Maibowle (May Wine; English-language title: The Punch Bowl) is an East German musical comedy film, released in 1959. It was directed by Günter Reisch.

==Plot==
Wilhelm Lehmann is informed that he will receive the Order of the Banner of Labor on his sixty-fifth birthday, for being the best worker in the most successful chemical plant in the country. However, it is soon made clear that all his grown up children have other plans for the day, and none of them can arrive to honor their father and their mother Auguste. But, after a series of comical mistakes that lead to utter pandemonium, all the sons and daughters eventually appear to greet Wilhelm as he is awarded the Order.
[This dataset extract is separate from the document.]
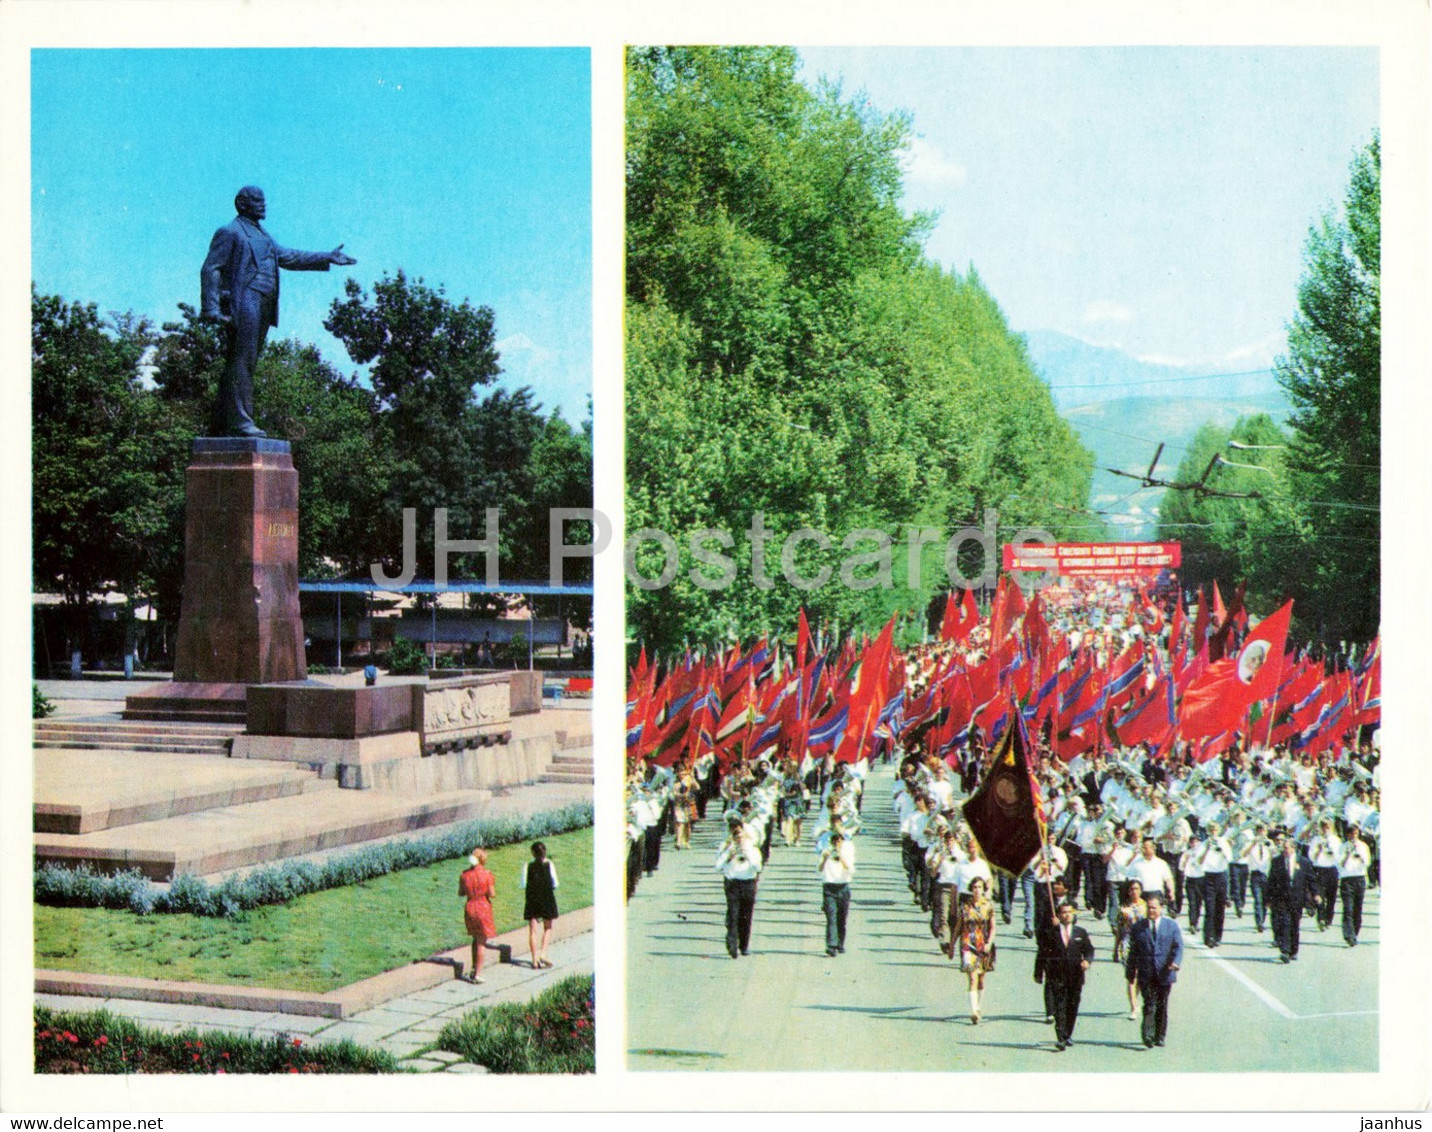 Dushanbe - Monument To Lenin - The City Celebrates - 1974 - Tajikistan USSR - Unused - Tadzjikistan

The whole family drinks the traditional May wine, as they have done in every year.

==Cast==
- Erich Franz as Wilhelm Lehmann
- Albert Hetterle as Gustav Lehmann
- Erika Dunkelmann as Marion Lehmann
- Christel Bodenstein as Suse Lehmann
- Friedel Nowack as Auguste Lehmann
- Heinz Draehn as Franz Lehmann
- Ekkehard Schall as Günther Lehmann
- Stefan Lisewski as Paul Lehmann
- Horst Kube as Albert Lehmann
- Ernst-Georg Schwill as Knispel
- Fritz Diez as State Secretary Frisch
- Karla Runkehl as Rosa

==Production==
The film was commissioned for the tenth anniversary of East Germany's independence, and the decision to begin the project was taken on the 5th Congress of the Socialist Unity Party, at July 1958. It was a musical comedy, one of the pictures which authors Mira and Antonín J. Liehm considered as an attempt by DEFA to balance the effects its heavily ideological works had on the public. Although it was light-hearted, director Günter Reisch emphasized the happiness experienced by the citizens in the socialist system and the importance of the chemical plants' development - one of them served as the setting for the plot. The director's decision was influenced by the response to his last film, the 1957 Trail in the Night, which was negatively received by the State Film Board due to a scene featuring rock-and-roll music.

==Reception==
Maibowle had its premiere in East Berlin's Cinema Babylon on 5 October 1959, and its commercial release followed in December 4. The film was well received, and attracted a "fairly large audience". West Germany's Catholic Film Service noted that the picture "had a weak script, but its momentum and cabaret scenes compensate for it." In the same time, the comical character of the eccentric politician Frisch was criticized by the East German Film Board. The Liehms considered it as one of "the two smoothest" among the "poorly crafted, simple minded" East German comedies of the late 1950s, along its 1960 sequel New Year's Eve Punch. Ralf Schenk wrote that the film was an attempt to create comedy combined with "slogans praising the Socialist society and the qualities of chemical ingredients."